The author of the book is a journalist at The Guardian newspaper and a classicist with a useful grasp of Latin and Greek and knowledge of Roman poetry and mythology which comes in handy in interpreting inscriptions from monuments and mosaics.

As a wargamer, of course, her book is somewhat peripheral to my main interests, but it does serve as a useful reminder that much of Roman Britain was peaceful under the Empire, and culture did exist, commerce even, perhaps, flourished, and, possibly, no one, in general, was unhappy enough to rebel or invade terribly often.

The most interesting aspect of the book is that it is about how Roman Britain came to be uncovered, interpreted and assumed into our picture of the way the world is. I’m sure I have mentioned before this aspect of history, in general. The popular view of history is that it relates to fact, to dates, and battles, and kings and so on. However, as Miles Russell points out in his book mentioned last week, even a skeleton of undisputable facts can have more than one interpretation attached to it.

Higgins is not, as mentioned, an archaeologist, but she has an eye for detail, even though it sometimes lapses into slightly purple prose. Even well known Roman sites are sometimes overgrown, she comments, and some, like Hadrian’s Wall are possibly overblown, although the local economy is coming to rely on the tourism it generates.

Mostly, Higgins tells us the stories of artefacts and how they are interpreted. In this, she largely, I think, would agree with Russell. The archaeology is fragmented, and does not tell us a single, or at least, straightforward, story. The interpretation of them is similarly fraught. For example, she discusses the pictures commissioned for the Palace of Westminster. A number of scenes from Roman Britain were proposed, but none included. British history starts, there at least, with the conversion of Saxon kings to Christianity. As Higgins remarks: ‘Perhaps the problem is, and has been since antiquity, that Roman Britain is too jagged and unsettling and ambiguous to be pulled into line.
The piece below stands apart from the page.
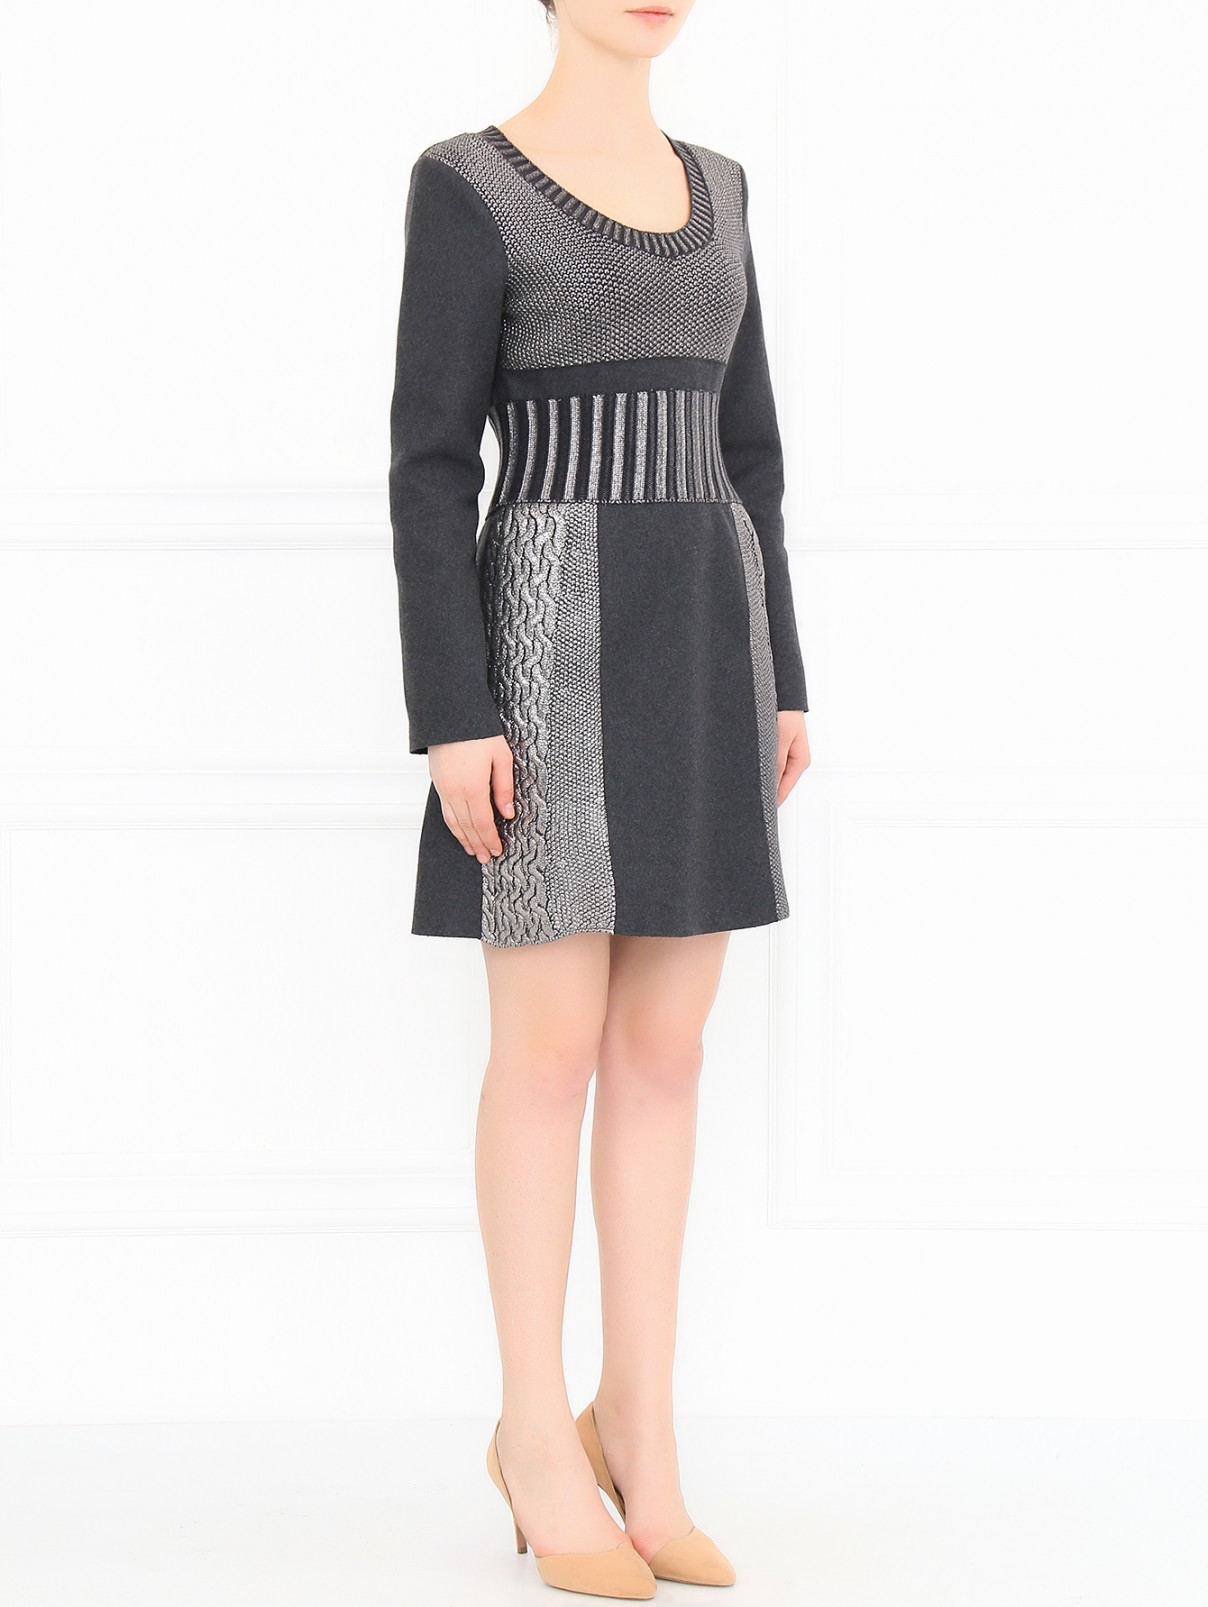 Платье из шерсти с контрастными вставками Alberta Ferretti  –  Модель Общий вид  – Цвет:  Серый

It will never settle into telling us one thing: it will just as soon tell us the opposite’ (p 228-9).

How, then, can Roman Britain be interpreted. Of course, the Victorians and those earlier had views. For example, Higgins describes how, for example, William Camden, writing in the 1580’s, saw savage Britain being civilised by the Romans. Such a view continued throughout the eras of the British Empires, and became, perhaps, a reflection of how the intellectuals of that Empire, educated, of course in the classics of Greece and Rome, saw their own mission.

Of course, it was possible to peer down the other end of the telescope. The existence of Hadrian’s Wall and the Antonine Wall could be used for Scottish purposes: clearly, the ancestors of the current residents had never been conquered. Of course, the current state of Roman Britain led to warnings of the potential end of the British Empire.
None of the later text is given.